## WORK TO COMPLETE
Search the data below for the string "Network" and copy all lines where it shows up.

------------------------------------

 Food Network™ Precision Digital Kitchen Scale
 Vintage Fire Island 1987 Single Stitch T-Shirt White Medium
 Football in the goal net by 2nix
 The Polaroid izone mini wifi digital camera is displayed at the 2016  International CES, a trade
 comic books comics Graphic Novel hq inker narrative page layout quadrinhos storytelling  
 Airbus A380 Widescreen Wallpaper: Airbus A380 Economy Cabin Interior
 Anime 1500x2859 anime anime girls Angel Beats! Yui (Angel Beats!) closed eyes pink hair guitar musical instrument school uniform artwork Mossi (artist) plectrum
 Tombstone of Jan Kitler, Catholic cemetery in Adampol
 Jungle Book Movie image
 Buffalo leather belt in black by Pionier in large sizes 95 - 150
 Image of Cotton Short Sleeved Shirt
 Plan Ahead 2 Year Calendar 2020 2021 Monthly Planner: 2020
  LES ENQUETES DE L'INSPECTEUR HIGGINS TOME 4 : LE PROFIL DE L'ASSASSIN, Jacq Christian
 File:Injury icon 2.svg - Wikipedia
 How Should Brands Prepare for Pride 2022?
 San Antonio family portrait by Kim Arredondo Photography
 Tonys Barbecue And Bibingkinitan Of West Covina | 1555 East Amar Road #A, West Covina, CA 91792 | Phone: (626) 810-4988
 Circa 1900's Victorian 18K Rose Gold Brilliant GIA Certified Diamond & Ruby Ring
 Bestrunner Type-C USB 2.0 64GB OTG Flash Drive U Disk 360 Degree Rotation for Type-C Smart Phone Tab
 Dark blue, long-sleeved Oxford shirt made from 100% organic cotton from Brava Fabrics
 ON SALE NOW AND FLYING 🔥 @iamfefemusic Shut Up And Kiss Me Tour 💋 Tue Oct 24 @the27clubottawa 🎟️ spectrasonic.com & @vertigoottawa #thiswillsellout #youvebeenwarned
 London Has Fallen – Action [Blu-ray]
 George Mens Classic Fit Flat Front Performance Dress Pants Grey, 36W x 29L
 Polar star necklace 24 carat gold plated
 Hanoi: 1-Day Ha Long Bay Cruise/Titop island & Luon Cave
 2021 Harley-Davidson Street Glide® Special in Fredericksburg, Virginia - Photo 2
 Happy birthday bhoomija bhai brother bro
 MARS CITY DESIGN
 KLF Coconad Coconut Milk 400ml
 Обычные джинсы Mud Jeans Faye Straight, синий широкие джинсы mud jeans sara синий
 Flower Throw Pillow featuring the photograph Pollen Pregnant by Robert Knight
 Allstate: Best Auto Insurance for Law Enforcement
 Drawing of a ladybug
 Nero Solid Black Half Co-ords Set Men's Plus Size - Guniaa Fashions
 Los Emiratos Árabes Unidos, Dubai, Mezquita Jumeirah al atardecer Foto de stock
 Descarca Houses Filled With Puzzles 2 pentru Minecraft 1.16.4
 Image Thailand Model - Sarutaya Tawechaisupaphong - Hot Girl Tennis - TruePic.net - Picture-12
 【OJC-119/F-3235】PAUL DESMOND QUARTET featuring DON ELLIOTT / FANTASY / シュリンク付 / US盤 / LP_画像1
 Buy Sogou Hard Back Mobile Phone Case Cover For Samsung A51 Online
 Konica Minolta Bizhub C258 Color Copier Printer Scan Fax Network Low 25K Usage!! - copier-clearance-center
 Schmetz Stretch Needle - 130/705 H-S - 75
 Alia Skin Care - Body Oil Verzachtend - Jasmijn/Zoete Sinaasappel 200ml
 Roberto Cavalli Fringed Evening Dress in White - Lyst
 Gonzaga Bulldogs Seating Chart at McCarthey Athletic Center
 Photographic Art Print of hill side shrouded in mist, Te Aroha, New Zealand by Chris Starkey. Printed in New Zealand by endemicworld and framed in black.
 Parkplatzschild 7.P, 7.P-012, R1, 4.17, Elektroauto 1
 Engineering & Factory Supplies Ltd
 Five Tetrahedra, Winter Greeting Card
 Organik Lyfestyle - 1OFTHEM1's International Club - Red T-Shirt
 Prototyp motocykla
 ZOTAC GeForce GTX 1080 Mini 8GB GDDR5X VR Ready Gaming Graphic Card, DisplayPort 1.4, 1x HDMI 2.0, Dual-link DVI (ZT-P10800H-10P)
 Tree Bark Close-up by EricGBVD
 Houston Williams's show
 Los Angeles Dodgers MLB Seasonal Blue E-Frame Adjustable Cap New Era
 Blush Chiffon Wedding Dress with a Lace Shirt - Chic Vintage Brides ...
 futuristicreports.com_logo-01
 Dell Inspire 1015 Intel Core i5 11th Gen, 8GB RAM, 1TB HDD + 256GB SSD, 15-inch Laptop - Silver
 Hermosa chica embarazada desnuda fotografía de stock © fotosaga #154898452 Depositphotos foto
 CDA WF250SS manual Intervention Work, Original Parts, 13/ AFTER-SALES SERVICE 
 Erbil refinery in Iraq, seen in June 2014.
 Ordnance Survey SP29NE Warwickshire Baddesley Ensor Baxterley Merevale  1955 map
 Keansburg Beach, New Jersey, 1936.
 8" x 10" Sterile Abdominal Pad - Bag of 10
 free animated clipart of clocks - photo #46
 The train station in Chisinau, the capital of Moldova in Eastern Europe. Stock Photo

------------------------------------

## WRITTEN RESPONSE
 Food Network™ Precision Digital Kitchen Scale
 Konica Minolta Bizhub C258 Color Copier Printer Scan Fax Network Low 25K Usage!! - copier-clearance-center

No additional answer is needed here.